Charles Holman, the internal affairs investigator who investigated the beatings, also felt the pressure. Sheahan insisted his guards only made "procedural" errors, but Holman's report sustains charges of brutality against a supervisor and other violations against nine other guards. Holman's supervisor pressured him to rethink his findings. When he refused, Holman was accused of leaking the results of his confidential internal affairs investigation to the media and summarily reassigned. Holman denies the accusation.
Ironically, despite having the testimony of two guards who witnessed the beatings, none of the guards who participated in the beatings have been disciplined. IAD ruled the guards' and prisoners' claims "inconclusive," a finding midway between sustained and exonerated.
Aftermath
In April 2003, with U.S. Rep. Jesse Jackson Jr. (D-Ill.) calling for a federal investigation of brutality at the jail, Cook County State's Attorney Richard Devine opened a criminal investigation into the jail beatings. Cook County Chief Criminal Judge Paul Biebel Jr. said that a grand jury would also investigate the jail. The grand jury would not seek indictments, but only weigh whether state statutes have been violated. Federal prosecutors announced a federal probe into possible criminal acts associated with the beatings and the U.S. Department of Justice launched a civil rights investigation into the 1999 beatings.
On March 4, 2003, under intense pressure, Sheahan announced the formation of a three-member panel of his own to investigate the jail beatings. Sheahan also ordered that SORT Team operations be videotaped in the future. However, there is doubt about Sheahan's objectivity. He has disciplined eight guards and removed Remus from his position as SORT unit leader and suspended him without pay for 29 days for "procedural" errors in the 1999 beatings, but has never made a finding of brutality at his jail.
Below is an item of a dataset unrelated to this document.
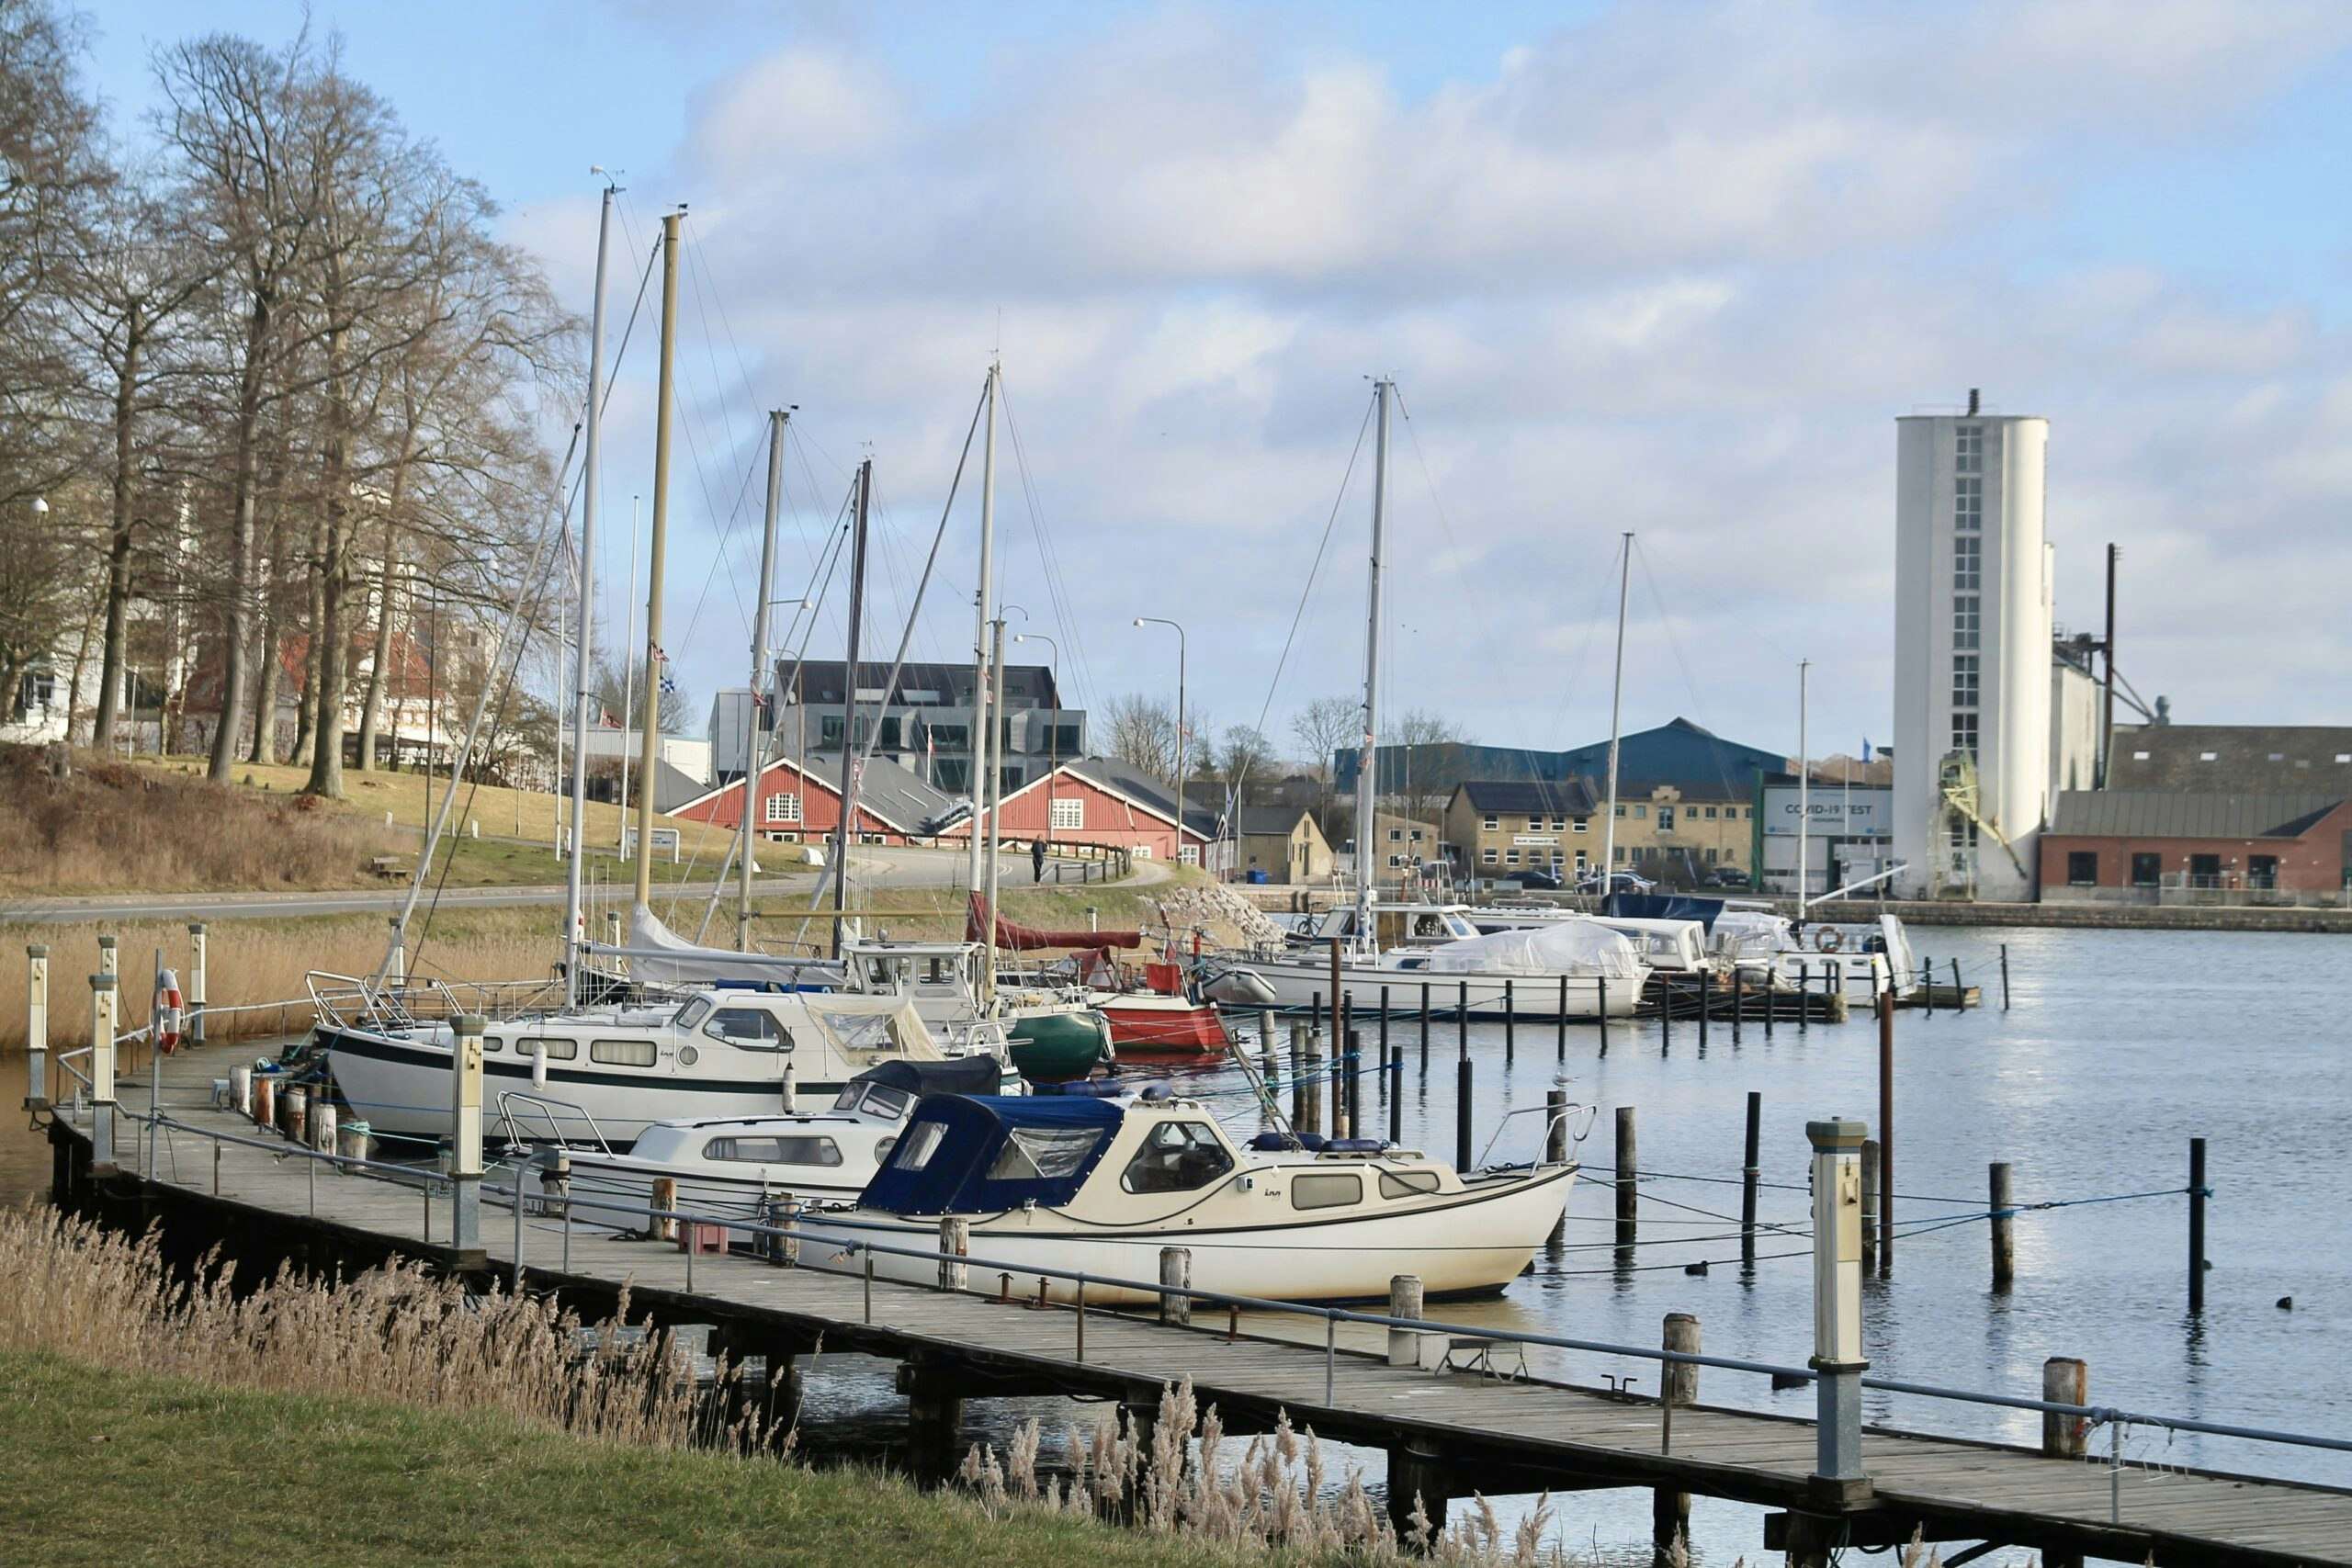 Sejl og motorbådsklubben In Odense

For Sheahan, the objective of a probe is spin control while what Cook County prisoners need is a fundamental change in the culture of the jail from one of brutality and abuse to one of professionalism. There is no indication that Sheahan is willing to, or capable of providing such a sea change in the jail's culture. Disciplinary actions are often overturned by union or court arbitrators or in subsequent court action. Thus, justice is not yet, and may never be, done in this case of institutionalized guard brutality.